#### YOUR ASSIGNMENT:
The complete listing goes into the output exactly, without its pictures.

#### RECORDED DATA:

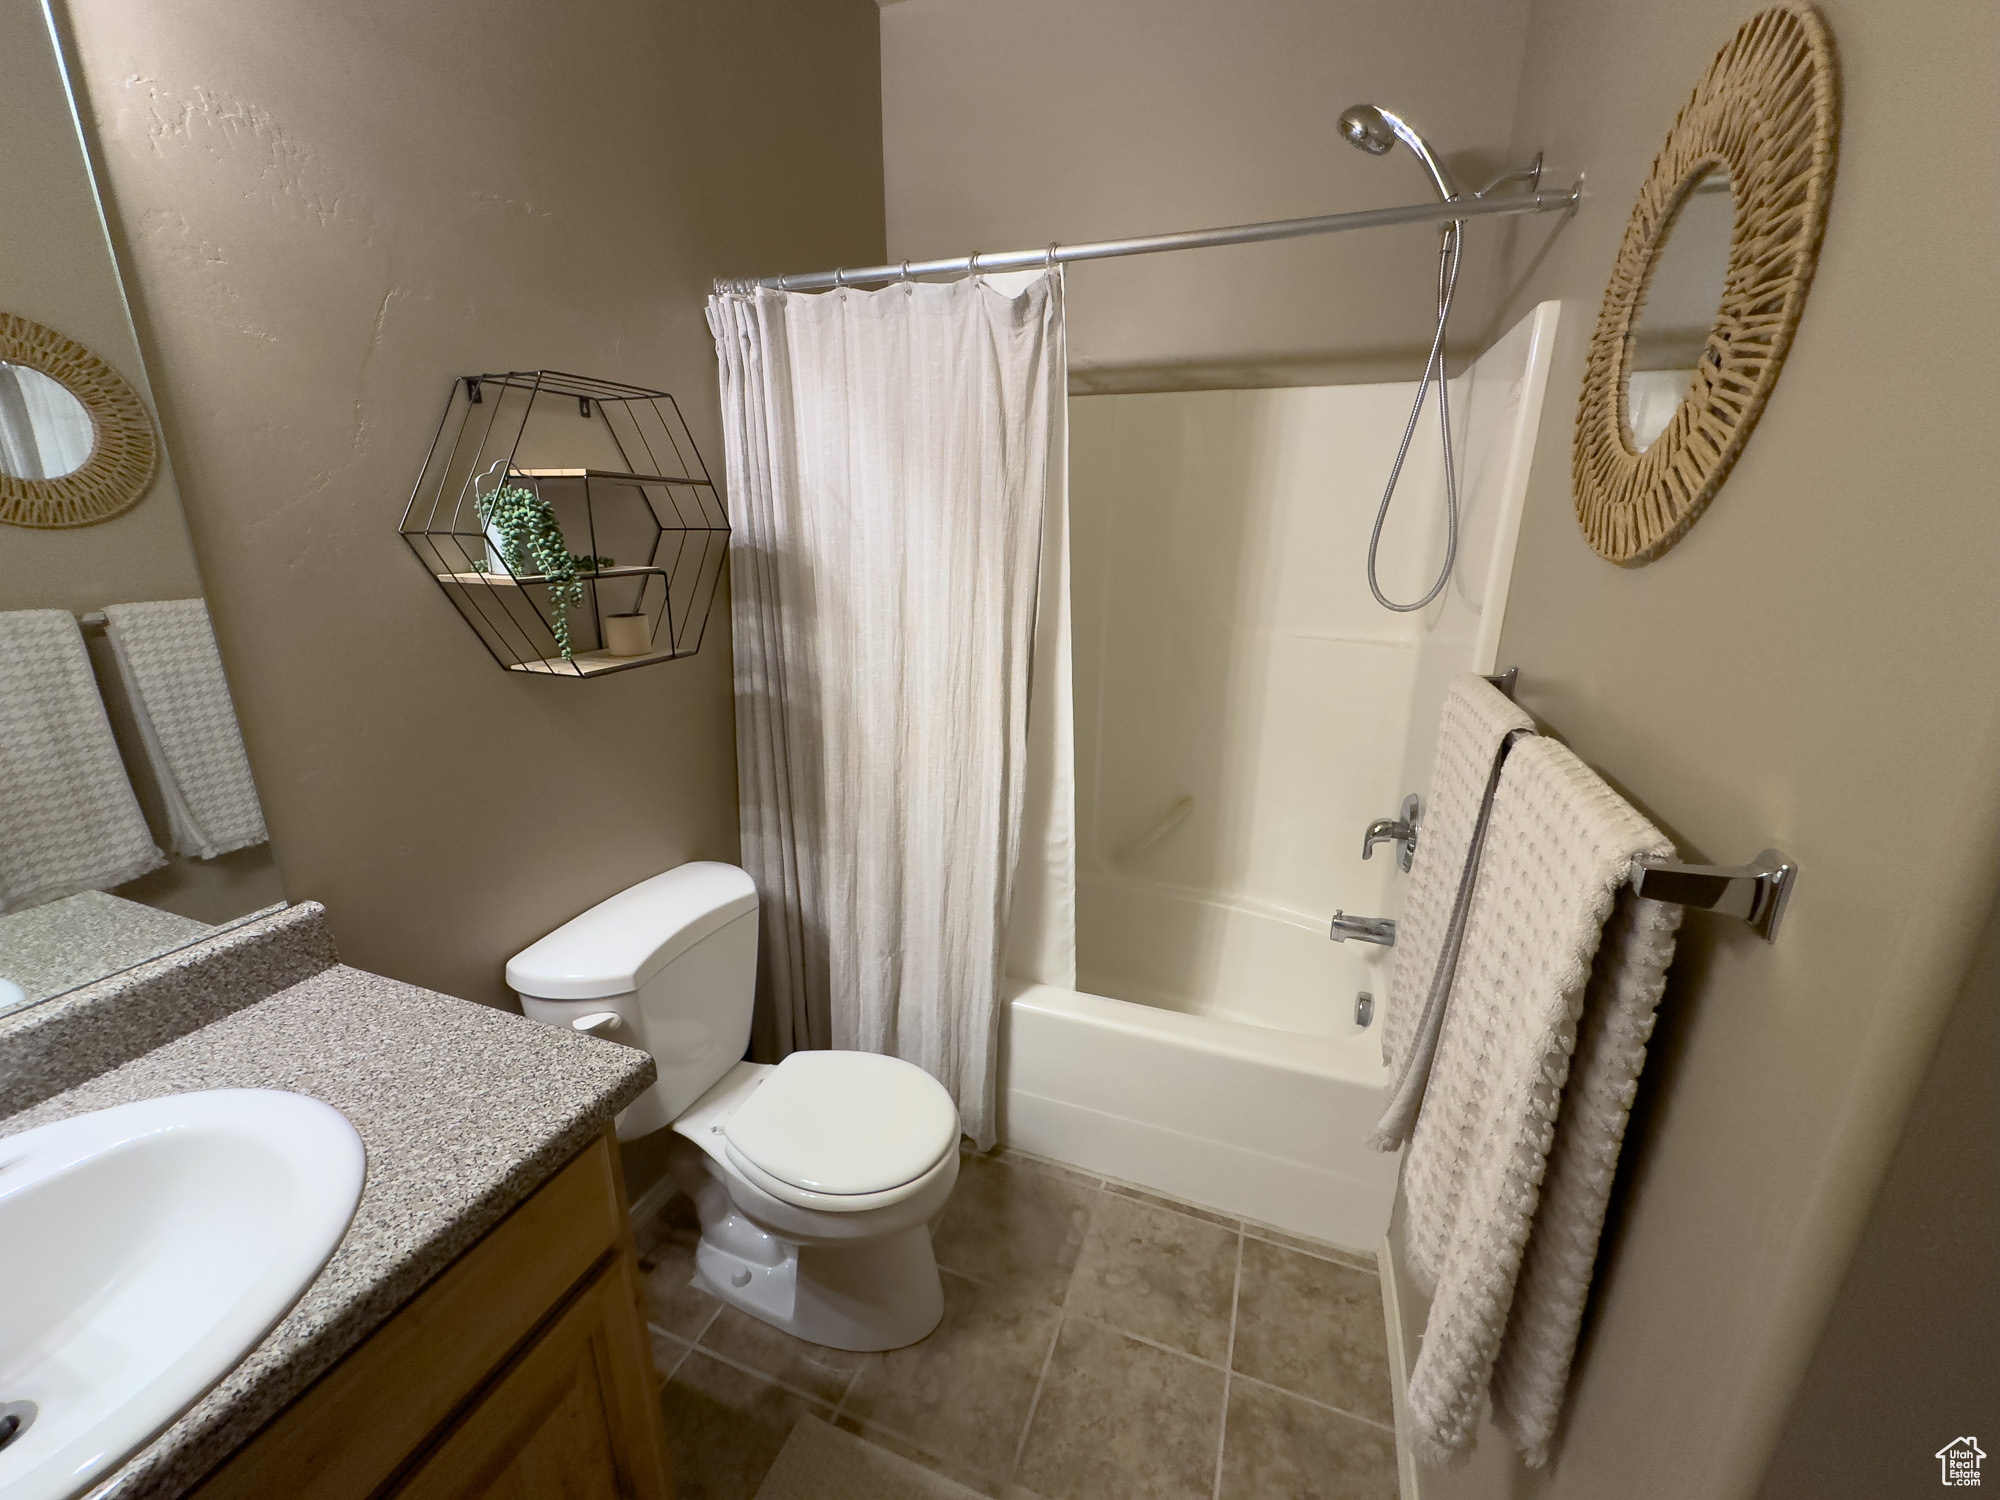 8484 S IVY GABLE W, West Jordan, Utah 84081, 2 Bedrooms Bedrooms, 9 Rooms Rooms,2 BathroomsBathrooms,Residential,For sale,IVY GABLE,1995985
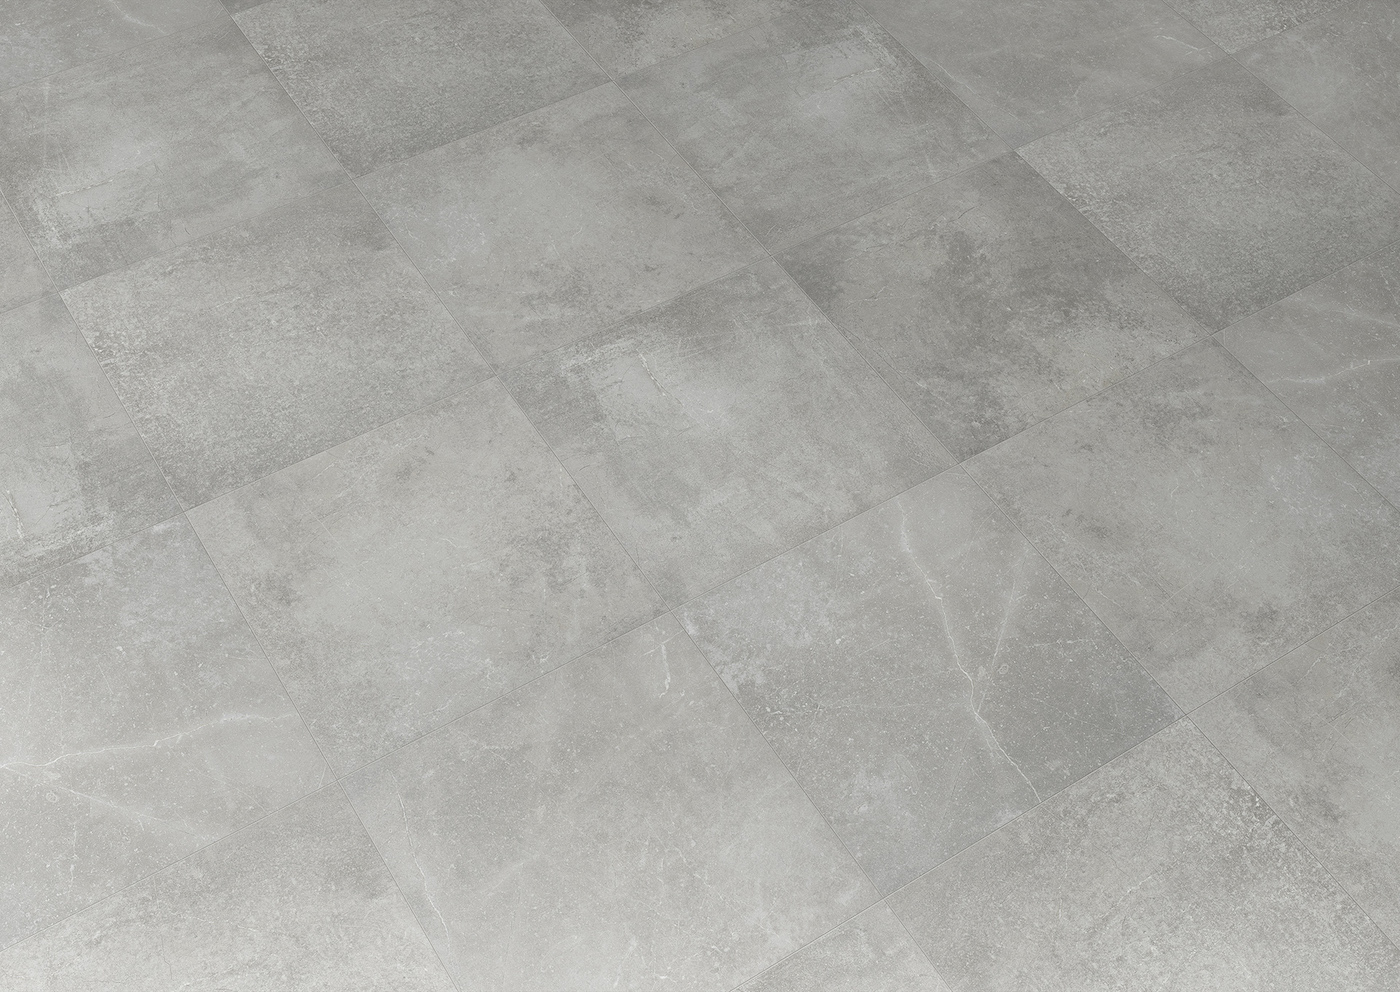 Klif grey 60x60 flooring
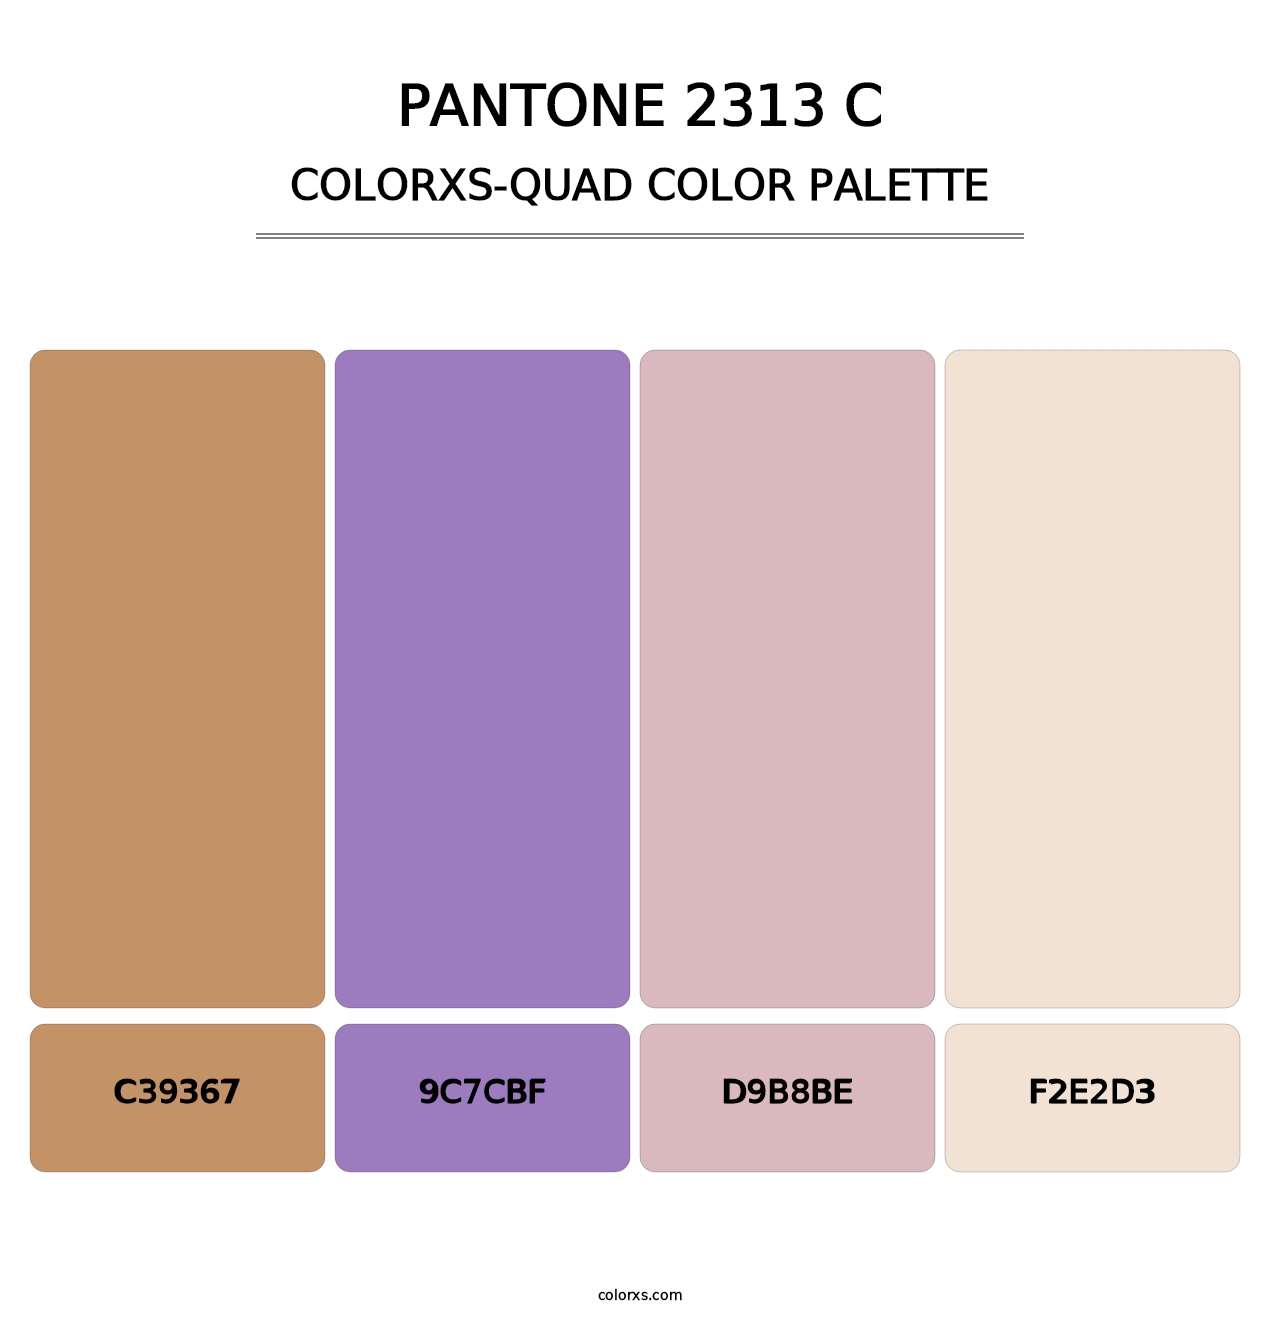 PANTONE 2313 C - Colorxs Quad Palette
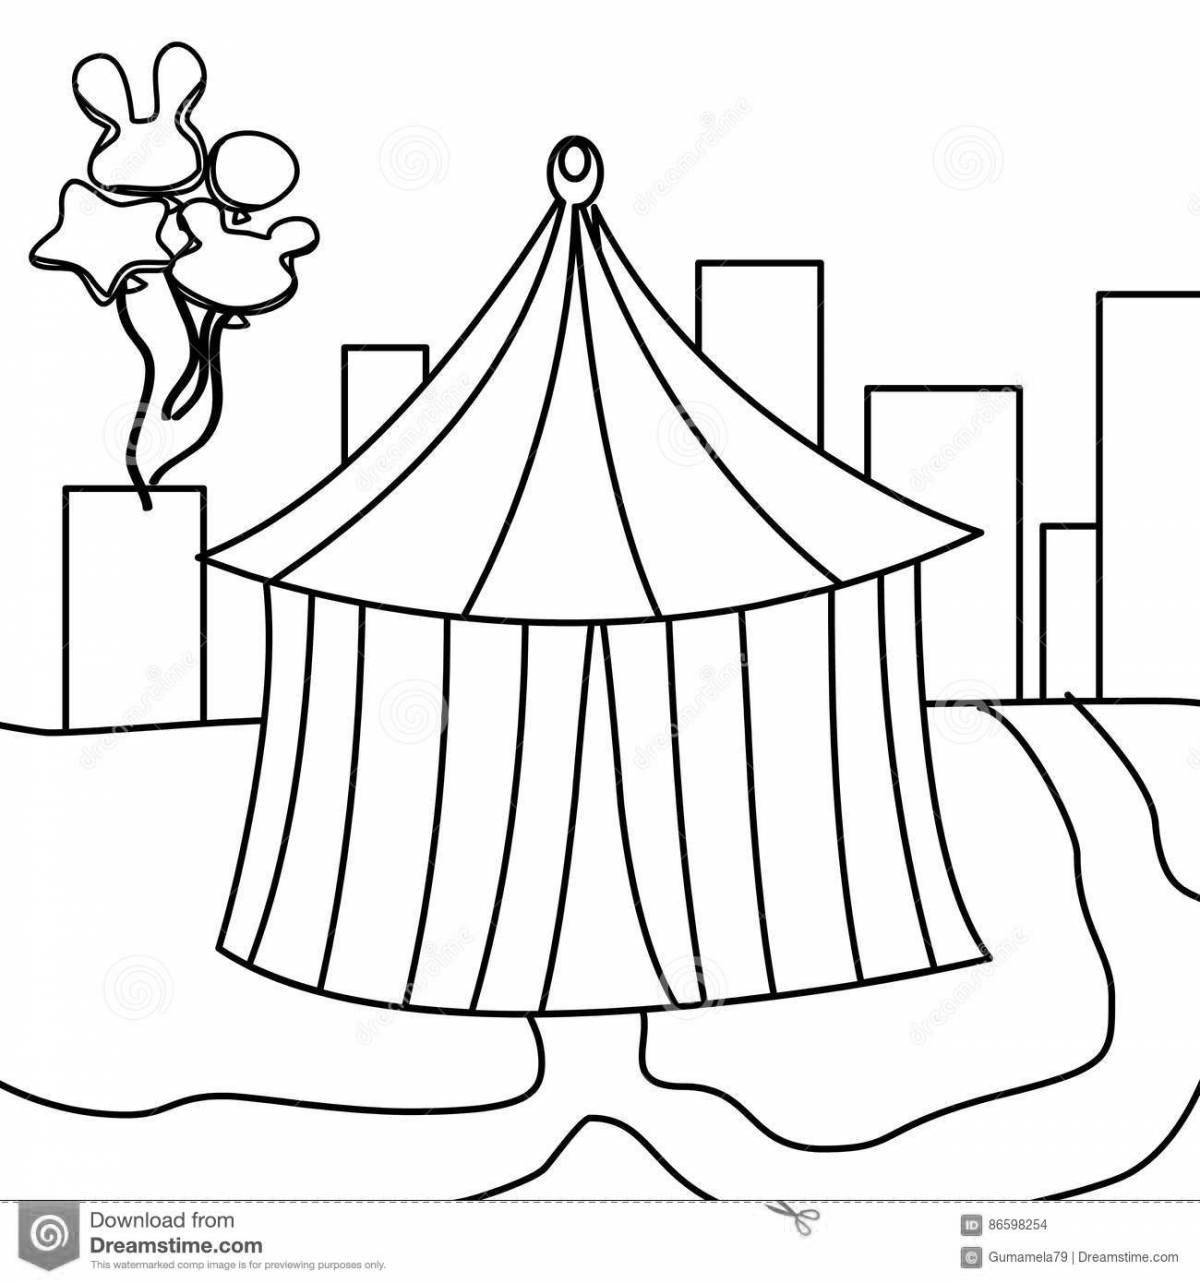 Раскраска игривая цирковая палатка

#### EXERCISE RESPONSE:
 8484 S IVY GABLE W, West Jordan, Utah 84081, 2 Bedrooms Bedrooms, 9 Rooms Rooms,2 BathroomsBathrooms,Residential,For sale,IVY GABLE,1995985
 Klif grey 60x60 flooring
 PANTONE 2313 C - Colorxs Quad Palette
 Раскраска игривая цирковая палатка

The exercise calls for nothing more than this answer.